It has been a busy year for the SEC since President Obama signed the Dodd-Frank Act on July 21, 2010. On June 22, the SEC approved a new rule to define the term “family office,” which modified its proposed rule of Oct. 12, 2010. The final rule became effective on Aug. 29. As a result, I sat down with my colleague, Matt Jacobs, to discuss the key provisions of the family office rule.
Matt advised that the SEC originally proposed the new family office rule in anticipation of the Dodd-Frank Act’s repeal of the private advisor exemption from registration contained in section 203(b)(3) of the Advisers Act. In doing away with the private advisor exemption, Congress’ intent was to require that advisors to private funds (such as hedge funds and private investment vehicles, etc.) register with the SEC; its intent was not to affect family office advisors. Therefore, the Dodd-Frank Act provided that advisors to family offices were exempt from registration as an investment advisor, if the advisor met the definition of family office.
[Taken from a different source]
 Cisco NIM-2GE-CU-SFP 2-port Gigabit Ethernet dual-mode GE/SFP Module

Pursuant to the SEC’s new definition, a family office is a firm: 1) whose only clients are family clients; 2) is wholly owned by family clients and controlled by family members or family entities; and 3) does not hold itself out to the public as an investment advisor.
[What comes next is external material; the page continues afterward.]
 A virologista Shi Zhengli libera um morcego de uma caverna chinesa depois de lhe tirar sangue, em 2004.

Under the final rule, family members include all lineal descendants of a common ancestor (who may be living or deceased), as well as current and former spouses or spouse equivalents of those descendants, provided that the common ancestor is not more than 10 generations removed from the youngest generation of family members. Furthermore, the rule accepts all children by adoption and current and former stepchildren as family members.